Gallic acid improves cardiac dysfunction and fibrosis in pressure overload-induced heart failure.
Sci Rep. 2018 Jun 18 ;8(1):9302. Epub 2018 Jun 18. PMID: 29915390
Gallic acid is a trihydroxybenzoic acid found in tea leaves and some plants. Here, we report the effect of gallic acid on cardiac dysfunction and fibrosis in a mouse model of pressure overload-induced heart failure and in primary rat cardiac fibroblasts, and compare the effects of gallic acid with those of drugs used in clinics. Gallic acid reduces cardiac hypertrophy, dysfunction, and fibrosis induced by transverse aortic constriction (TAC) stimuli in vivo and transforming growth factorβ1 (TGF-β1) in vitro. It decreases left ventricular end-diastolic and end-systolic diameter, and recovers the reduced fractional shortening in TAC. In addition, it suppresses the expression of atrial natriuretic peptide, brain natriuretic peptide, skeletal α-actin, and β-myosin heavy chain.
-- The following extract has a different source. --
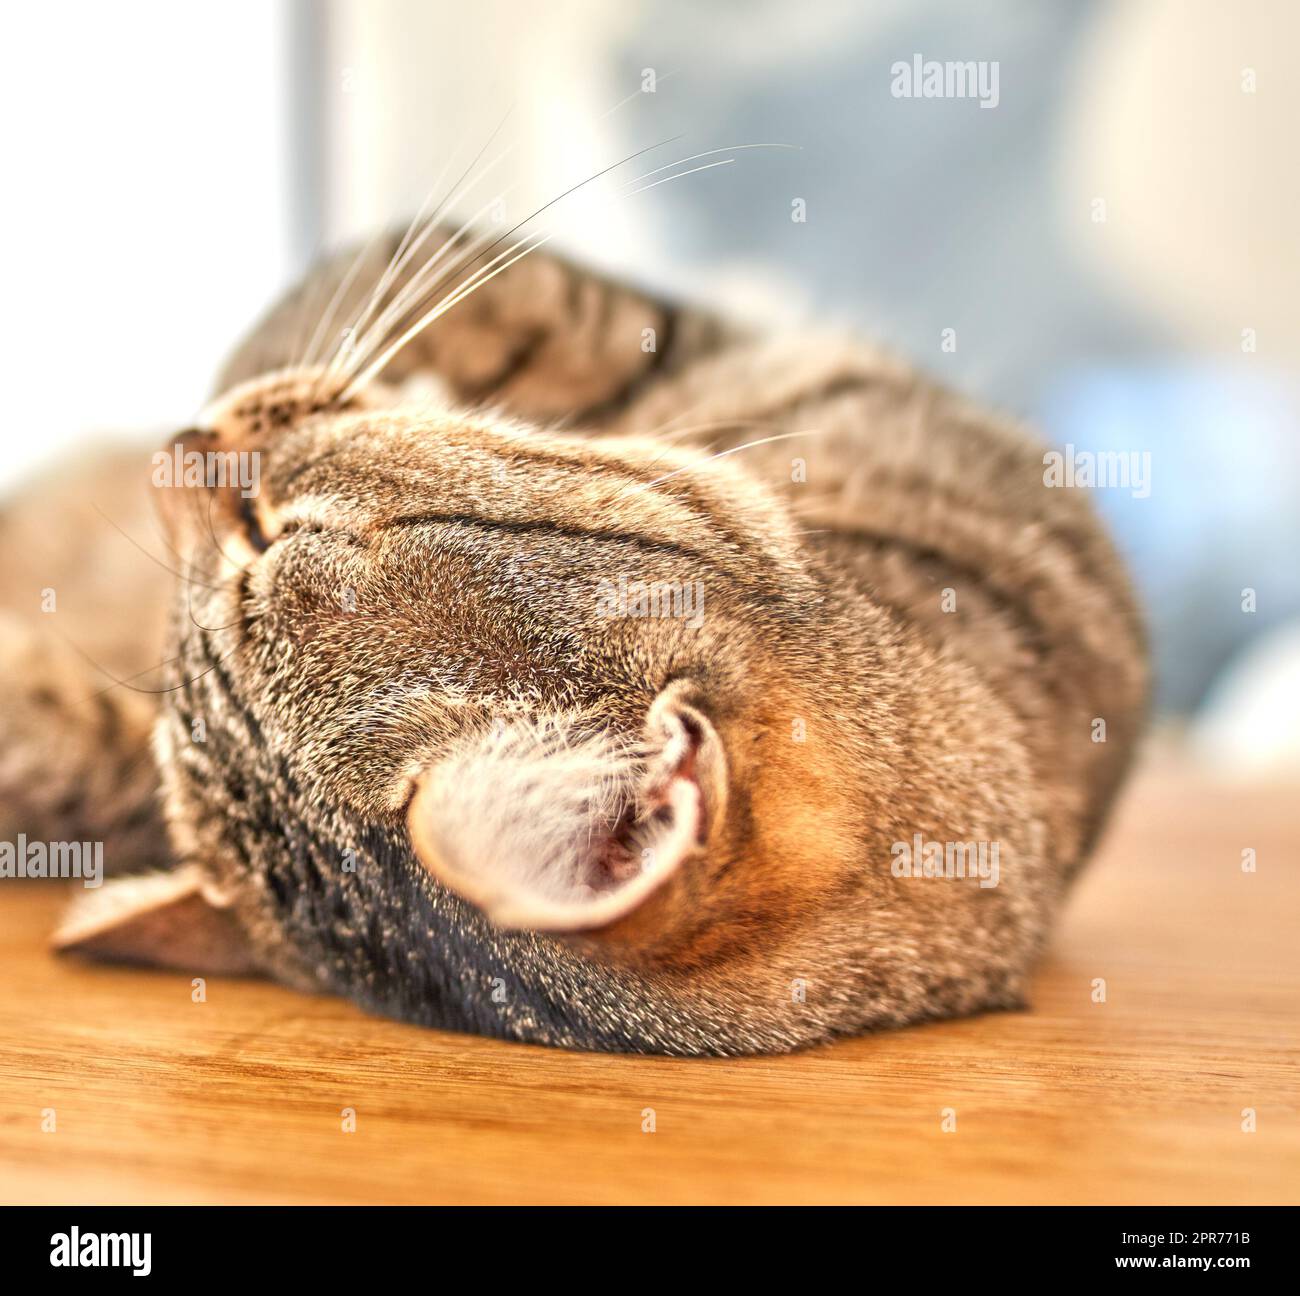 Joli chat gris tabby couché sur le sol avec ses yeux fermés. Gros plan d'une féline avec de longs whiskers, dormant ou reposant sur une surface en bois à la maison. Puriner un chat sur son dos rêvant d'être pété Banque D'Images

Administration of gallic acid decreases perivascular fibrosis, as determined by Trichrome II Blue staining, and reduces the expression of collagen type I and connective tissue growth factor. However, administration of losartan, carvedilol, and furosemide does not reduce cardiac dysfunction and fibrosisin TAC. Moreover, treatment with gallic acid inhibits fibrosis-related genes and deposition of collagen type I in TGF-β1-treated cardiac fibroblasts. These results suggest that gallic acid is a therapeutic agent for cardiac dysfunction and fibrosis in chronic heart failure.